By examining these connections, Chatman says students can see the ways racial bias is baked into the commercial systems that we still use today. This point is driven home at the end of the class, during a final exercise that tests students’ understanding of various UCC articles. For this activity, Chatman accessed the collection of primary sources at W&L that document the university’s ties to slavery.

Chatman asked students to examine different aspects of the transactions surrounding the will of John Robinson, which conveyed 74 enslaved people to the university and required the university to keep the enslaved community together at Robinson’s estate for 50 years following his death. For example, students were asked to determine whether the Robinson will is a contract, and if so, to examine the ways in which Article 2 of the UCC would govern restrictions on the ways the university could lease or sell the enslaved people.
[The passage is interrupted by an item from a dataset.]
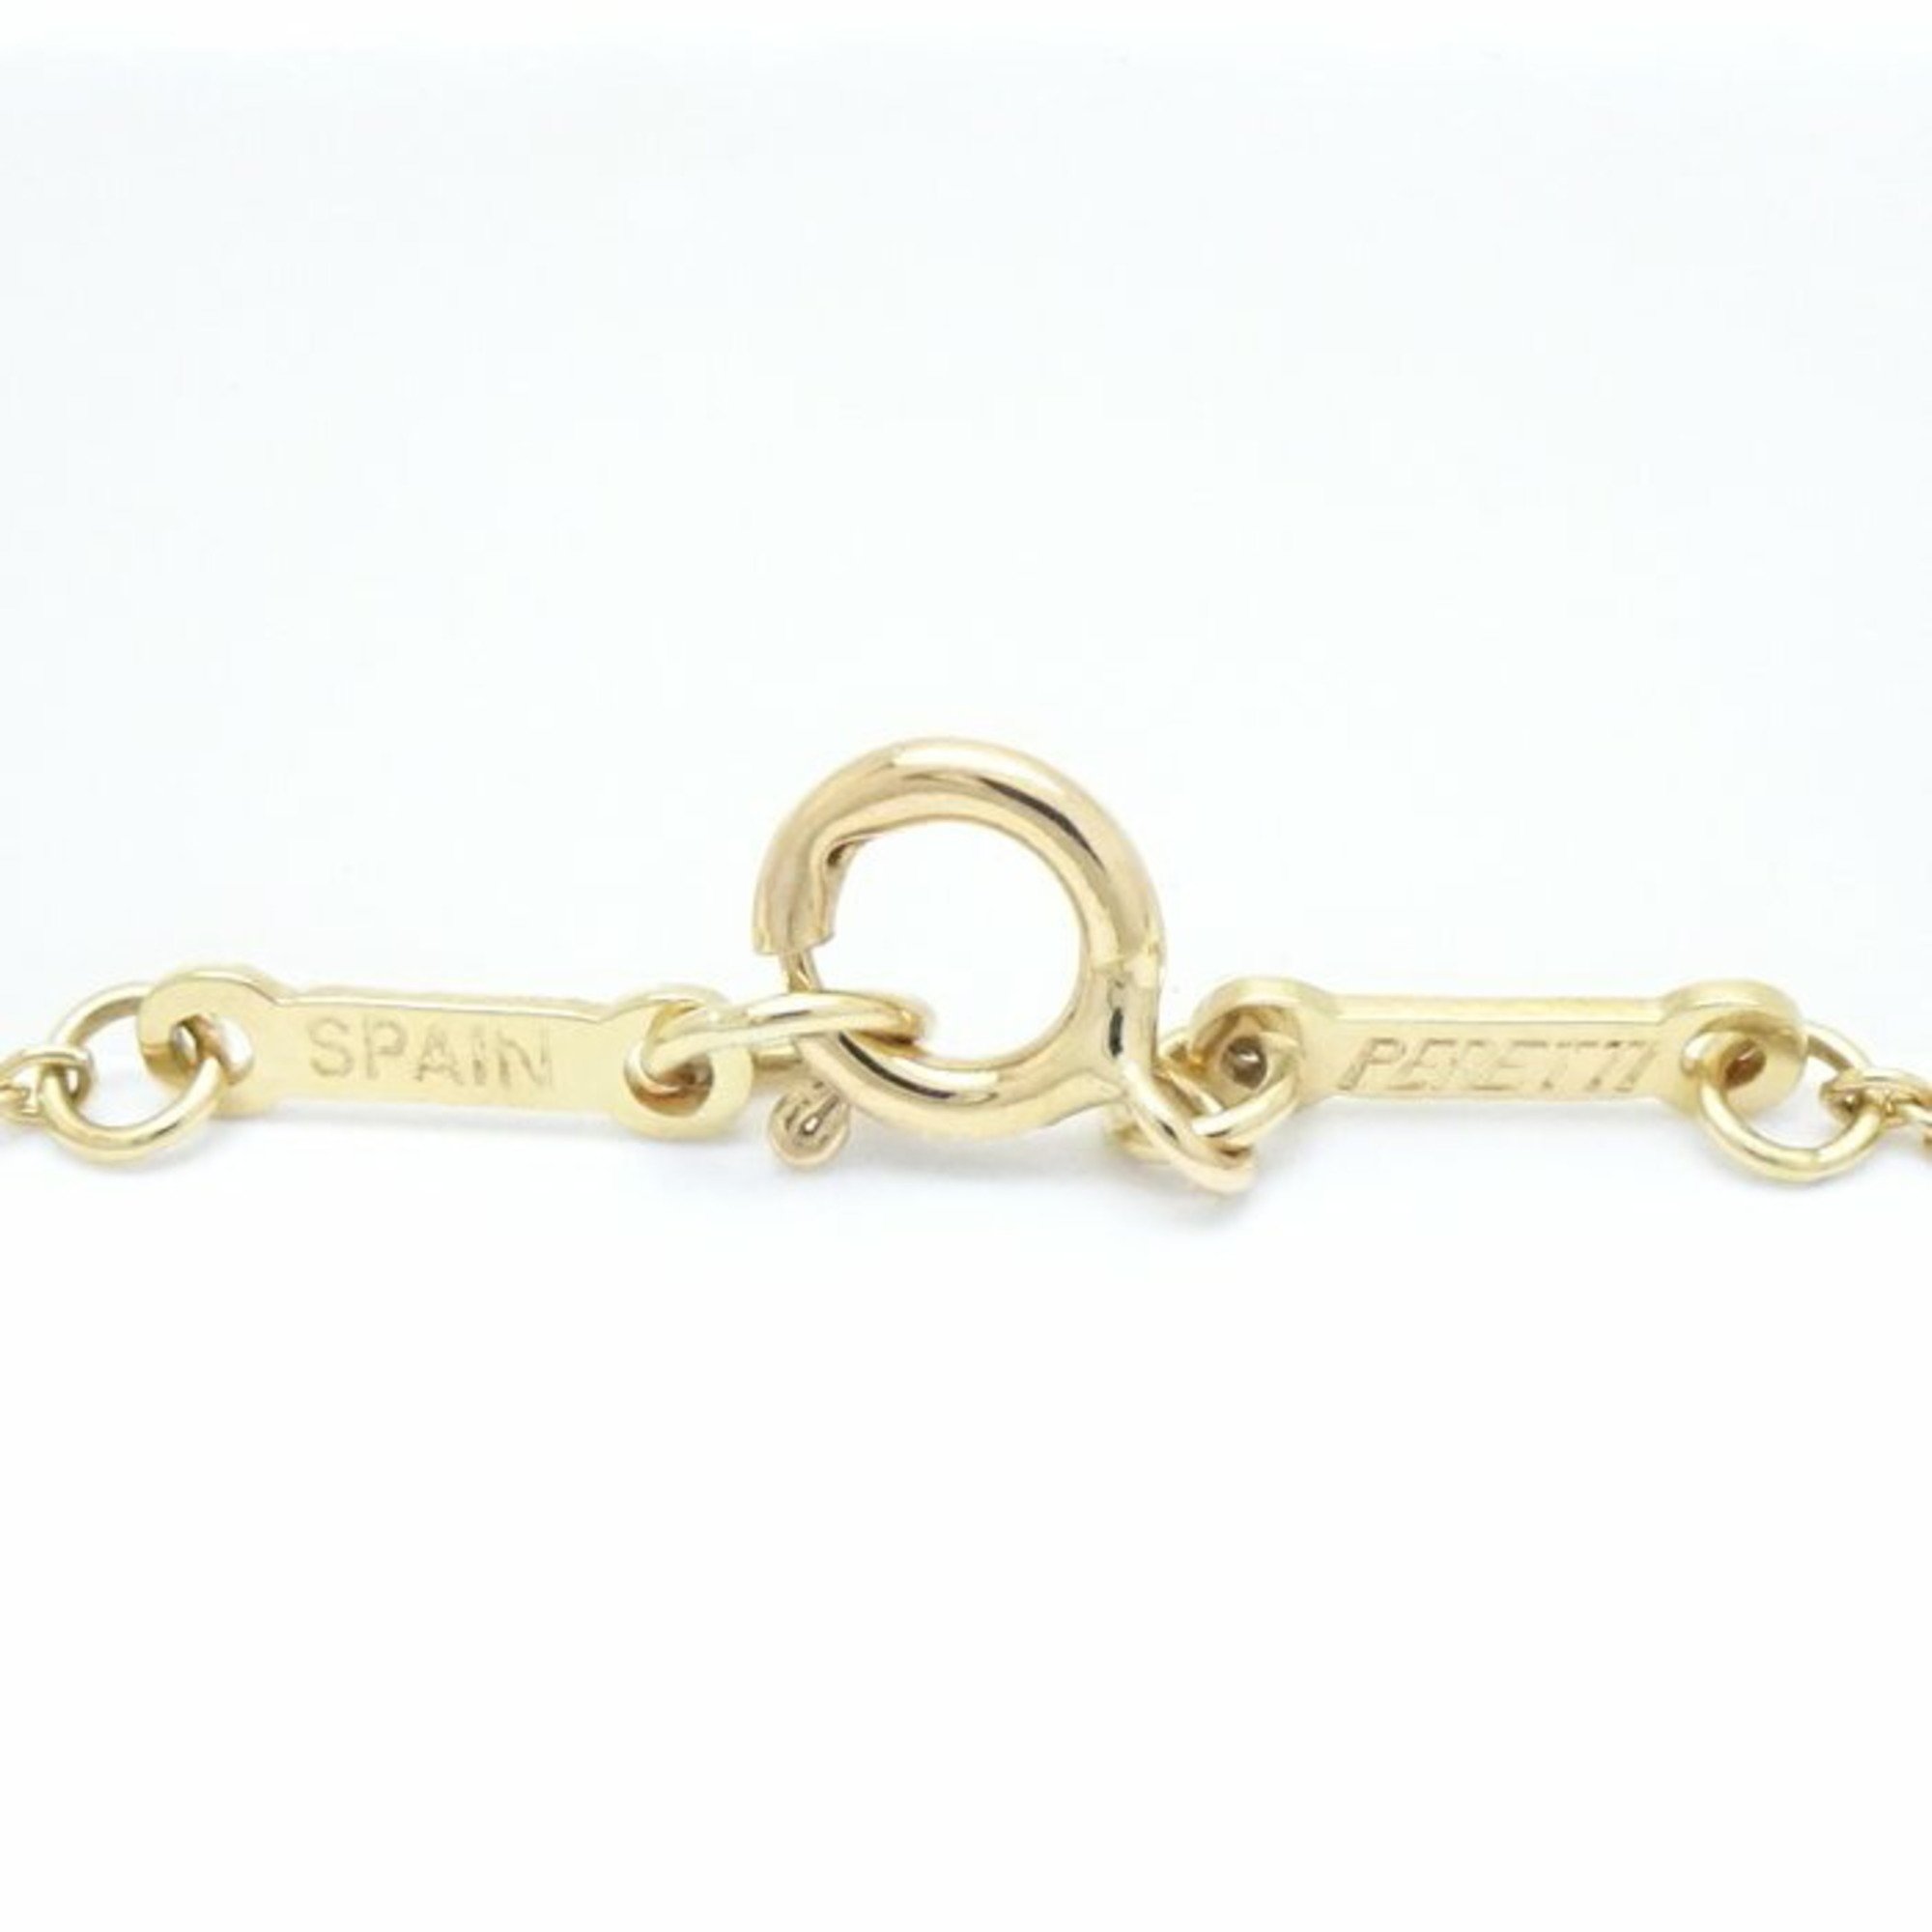 TIFFANY&Co. Tiffany Open Heart Necklace 3P Elsa Peretti K18YG Yellow Gold 291350

“In general, students learn better when the work they are doing is bound to reality,” says Chatman.

“Beyond that, it is a real challenge for students to remain dispassionate, as lawyers must, when dealing with legal issues. This is particularly the case with a premise that turns people into a good. I want them to struggle with this.”

One student in the class, Molly Pugh ’21L, saw the class as a powerful and meaningful invitation to explore the practical implications of slavery through the eyes of the law.
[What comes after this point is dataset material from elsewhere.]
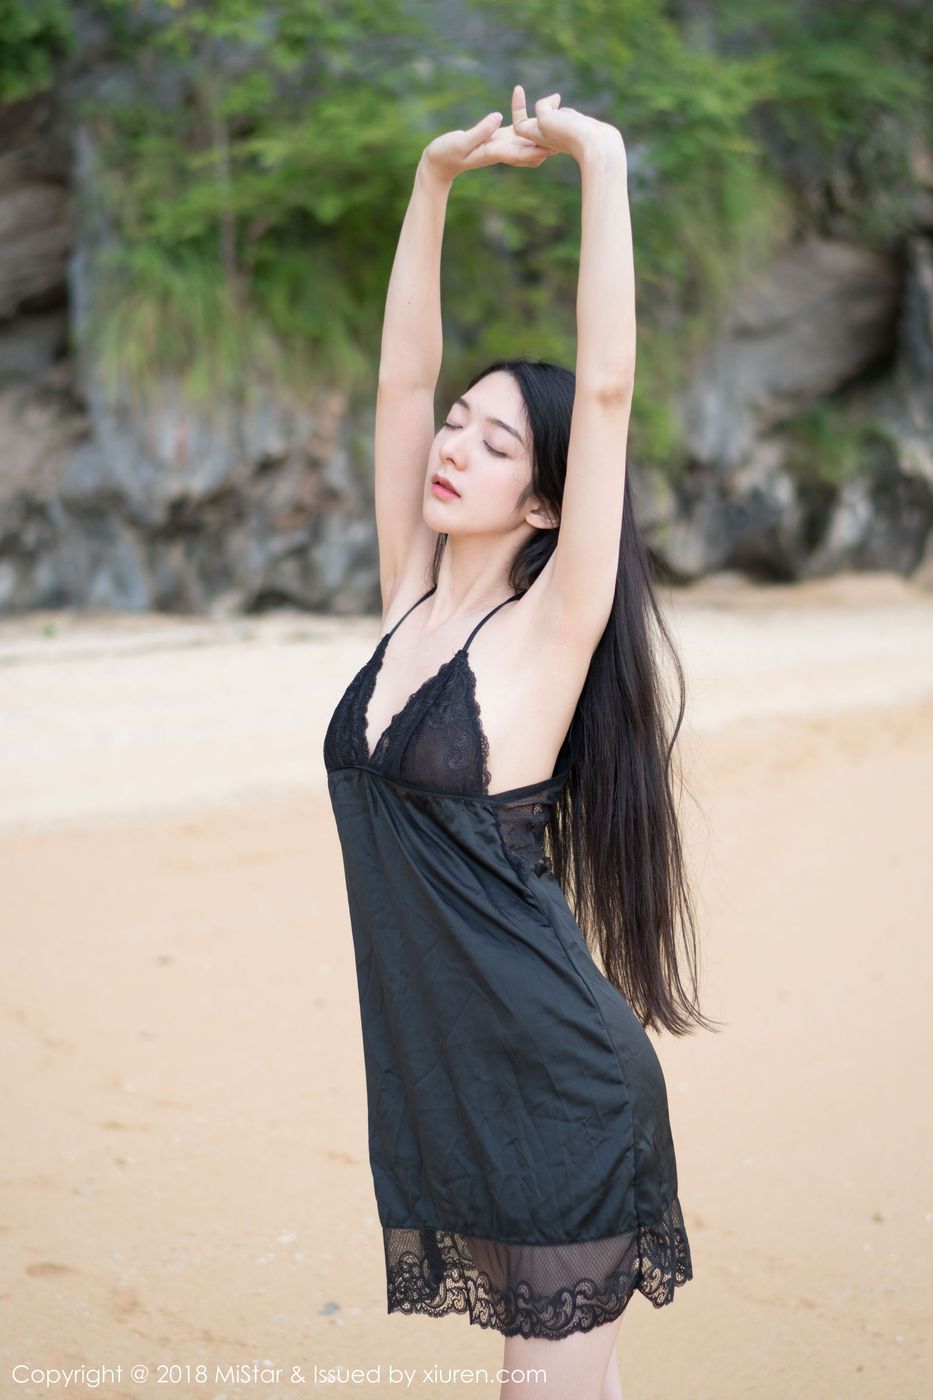 魅妍社性感女神Angela小热巴学生装沙滩制服诱惑甲米旅拍

“Professor Chatman did a beautiful job of not only providing us with a thorough, in-practice review of the UCC, she used the UCC to highlight the realities of slavery,” Pugh said. “Enslaved people were considered economic assets. In accordance with the UCC, that recognition required us to classify human beings as either ‘farm products’ or ‘equipment.’ ”

Pugh explained that the classifications implicated a different UCC definition and procedure for perfecting a creditor’s interest in that “property” as collateral, so she and her classmates had to apply the law — both as written at the time in the 1860 Va Code and according to the UCC — as they studied it.

“According to the 1860 Va Code, even if an owner attempted to free his or her slaves, that freedom would not be granted until all debts were paid,” said Pugh. “Even in the few cases where humanity could have prevailed, the law precluded that result.”

And just as Chatman hoped, it was a true struggle for students to remain dispassionate during the exercise.

“In many ways, viewing slavery through the eyes of the UCC forced us to remove emotion,” said Pugh. “However, it also had the effect of revealing the raw emotion — and economic motives — underneath people being treated as property. It showed the force of money and power, especially in the law.”

Chatman is currently writing a law review article about the methods used in the course in the hope that other professors will dig into their institutional history and use those archives as a tool to draw connections between the past and the present.

“I believe students can be as enriched by this exercise as they are by reading the older landmark cases,” she said.